For non-Southerners, allow me to explain:  here in the Deep South, our only true season is summer, which runs from late March through Thanksgiving.  I’ve seen people mow their lawns a week before Christmas.  If we’re lucky we get a mild summer.  After an oppressively muggy May, a morning in the low 60s is a blessed reprieve here in the Palmetto State.

But talking about the weather is probably why my numbers are down, so I’ll move on to another non-politics-related topic:  my penchant for hustlin’.  Readers know that I have a few gigs running at any time, including private music lessons, adjunct teaching, my History of Conservative Thought summer course, and playing shows.  I also paint classrooms and do sweaty manly maintenance work at my little school when I’m not molding minds.  And while it doesn’t pay anything yet, I’m hoping to get a few bucks for my writing.

But perhaps my favorite side gig is an annual tradition:  my school’s annual Minecraft Camp.  A former school administrator started the camp, and I’ve carried it on for some years now.

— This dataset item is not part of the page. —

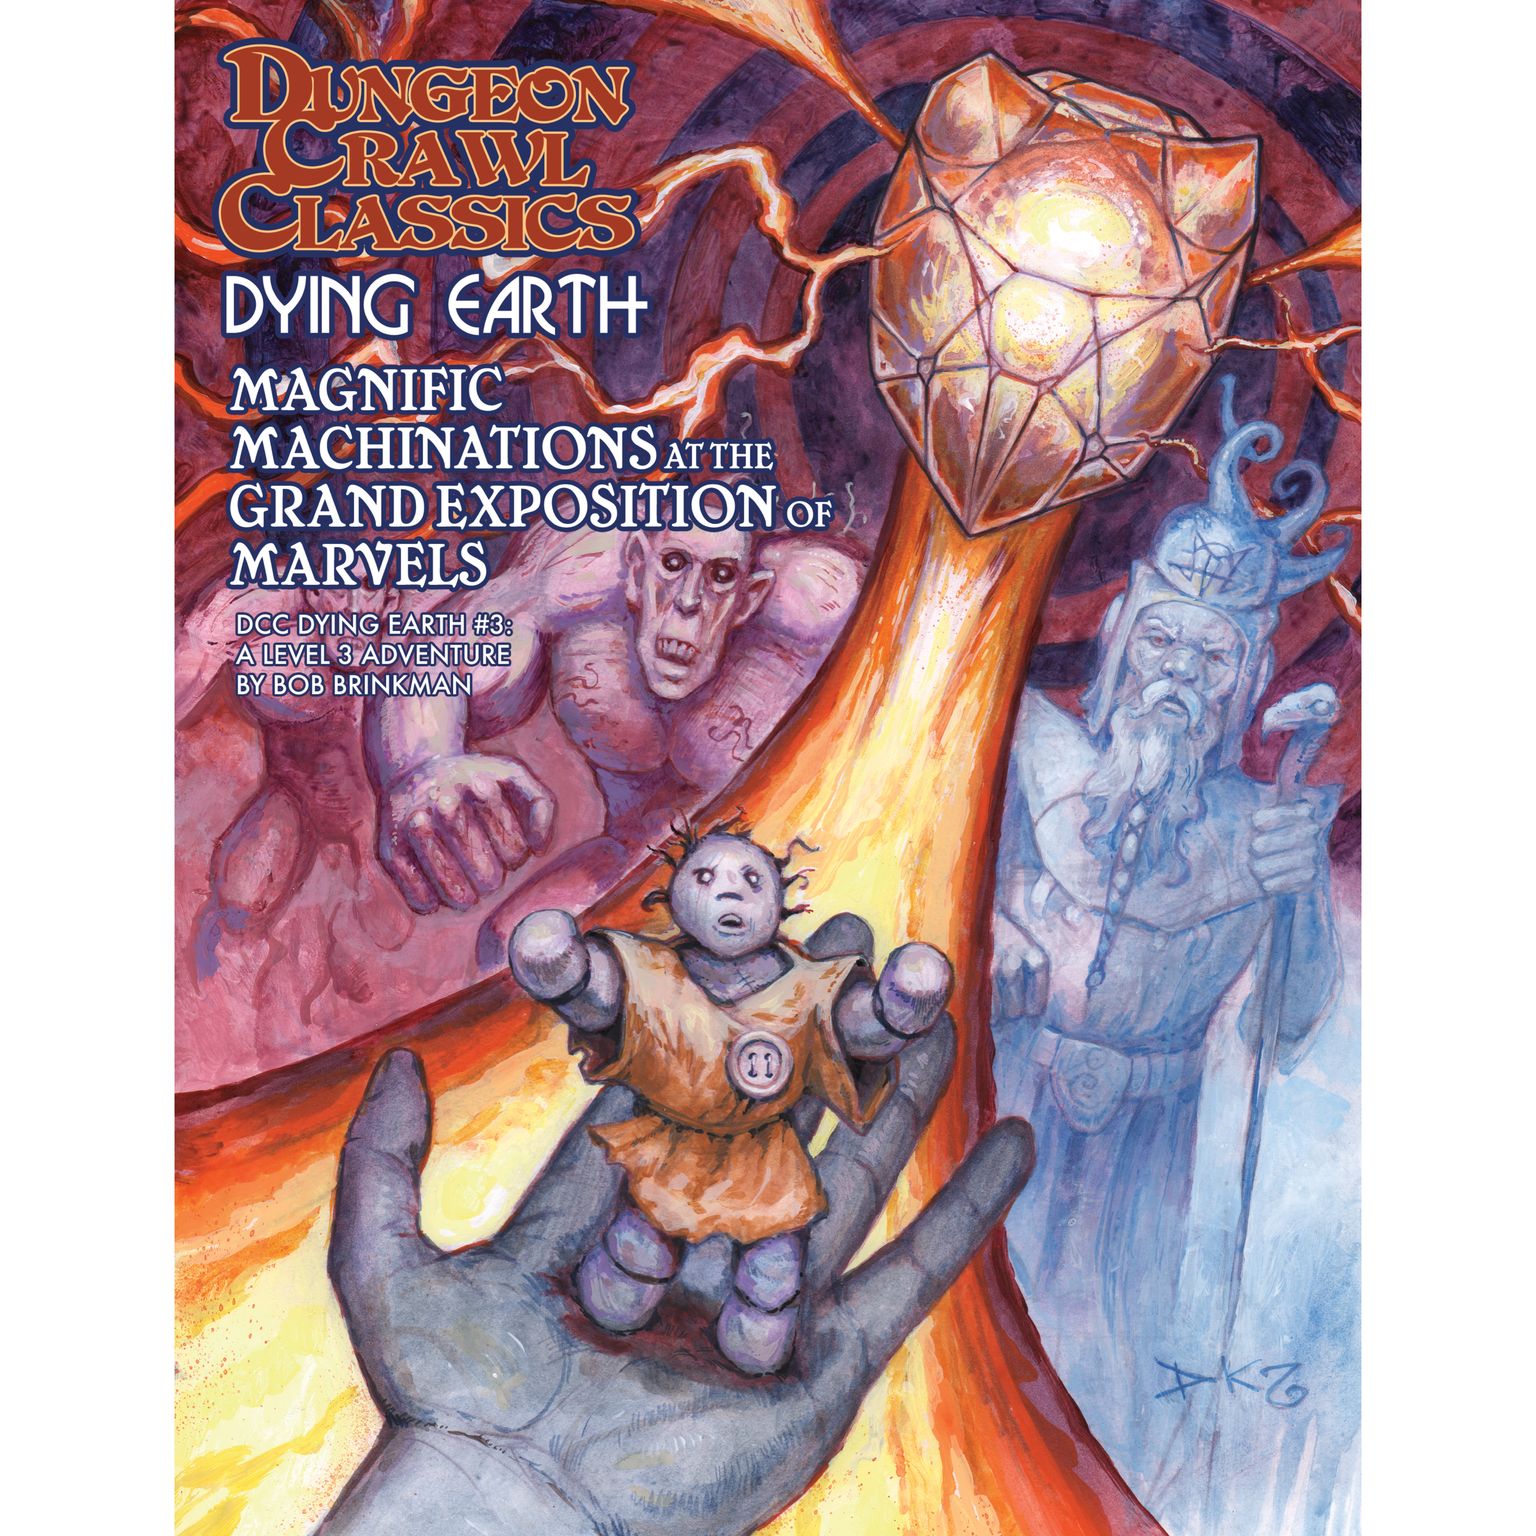 Dungeon Crawl Classics: Dying Earth #3: Magnificent Machinations At The Grand Expositions 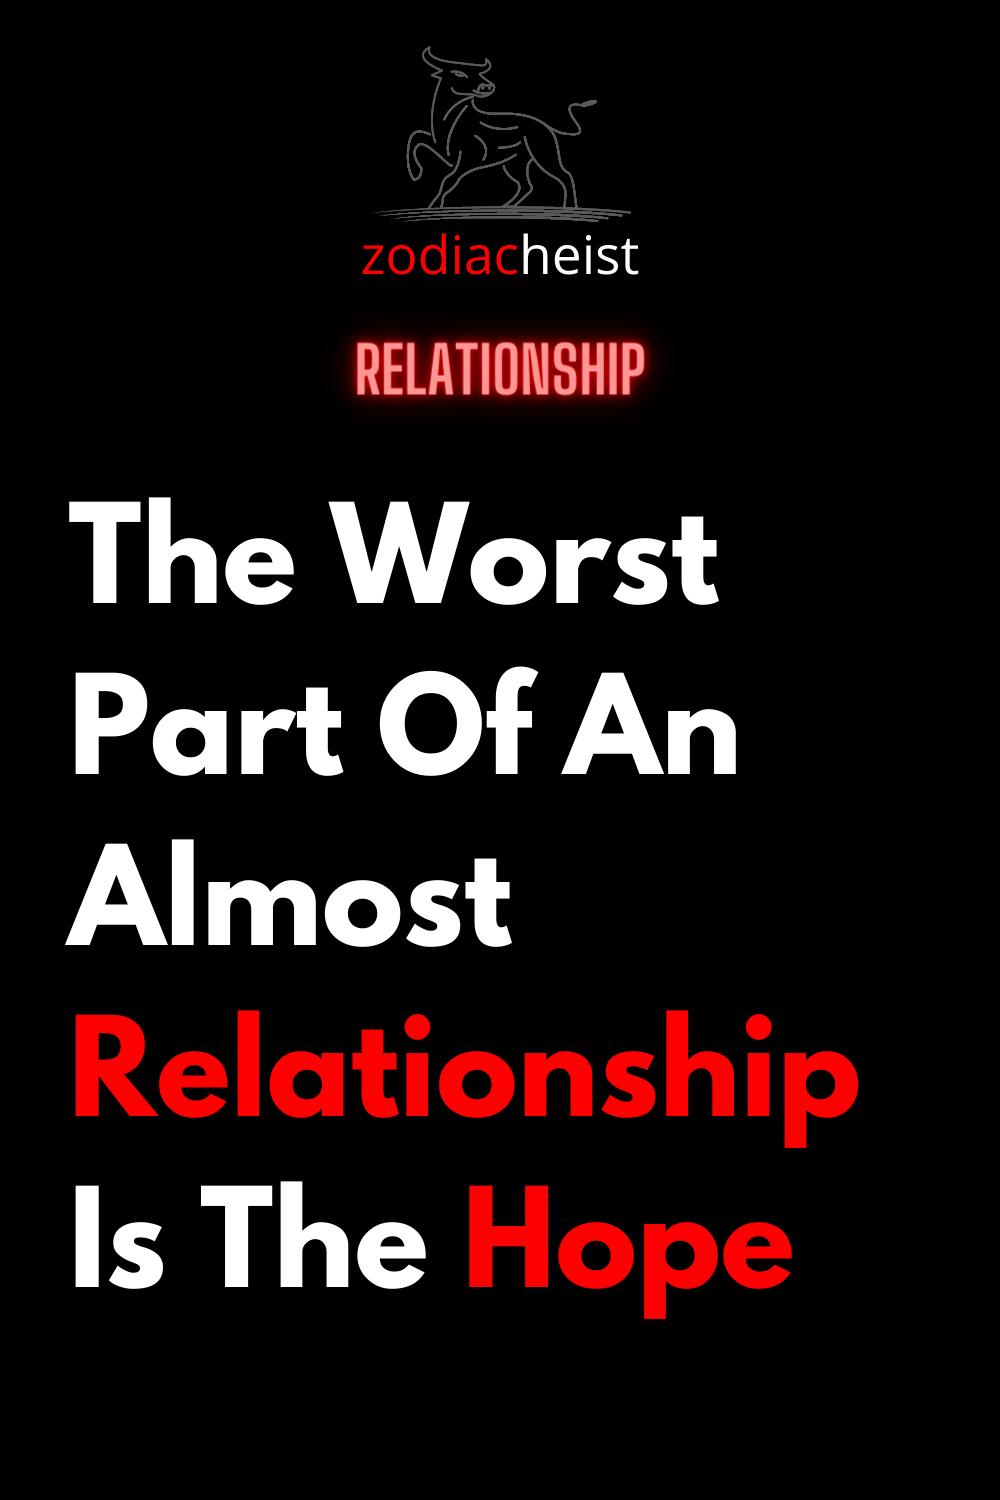 The Worst Part Of An Almost Relationship Is The Hope

For the uninitiated, Minecraft is basically LEGOs in video game form.  The genius creation of programmer Markus Persson, the game places players in a massive sandbox world, with the objective being… anything!  There are no timers (other than a day and night cycle), no goals, and no ending.  Players generate a theoretically endless world from scratch, and proceed to build—craft—their way to civilization (or endless PVP battles).

Players can activate Creative Mode, which allows for endless flights of fancy, with access to every block and resource in the game, or they can play in Survival, which is exactly what it sounds like:  players hide from (or fight) monsters at night, hunt for or grow food, and have to keep their health up.

Minecraft has enjoyed ubiquity since its release in 2011—it’s the best-selling video game of all time—and when we started Minecraft Camp back in the day (I think it was summer 2013 or 2014, but I’m not sure), it was HUGE.  The game has inspired probably tens of thousands of mods, from simple additions like extra monsters or types of blocks, to total conversions that completely rebuild the game’s mechanics.

With the rise of Fortnite a year ago, the game seemed to wane in popularity, but it’s apparently enjoying a resurgence:  our camp was up to twelve Crafters from a low of about four or five last year.  It gets absolutely chaotic at times—like during our final camp PVP battle, and a hectic boss fight against a gigantic, camper-created Creeper named “Creeperzilla,” that saw kids shouting nearly at the top of their lungs with unabashed glee—but it’s also beautiful to see the creativity of young children.  I am constantly amazed to see what they create.

And, let’s face it, there are worse ways to make an extra buck than playing video games with a group of creative eight-to-thirteen-year olds.  It definitely beats raking up old pine straw and spraying Roundup on cracks in the parking lot.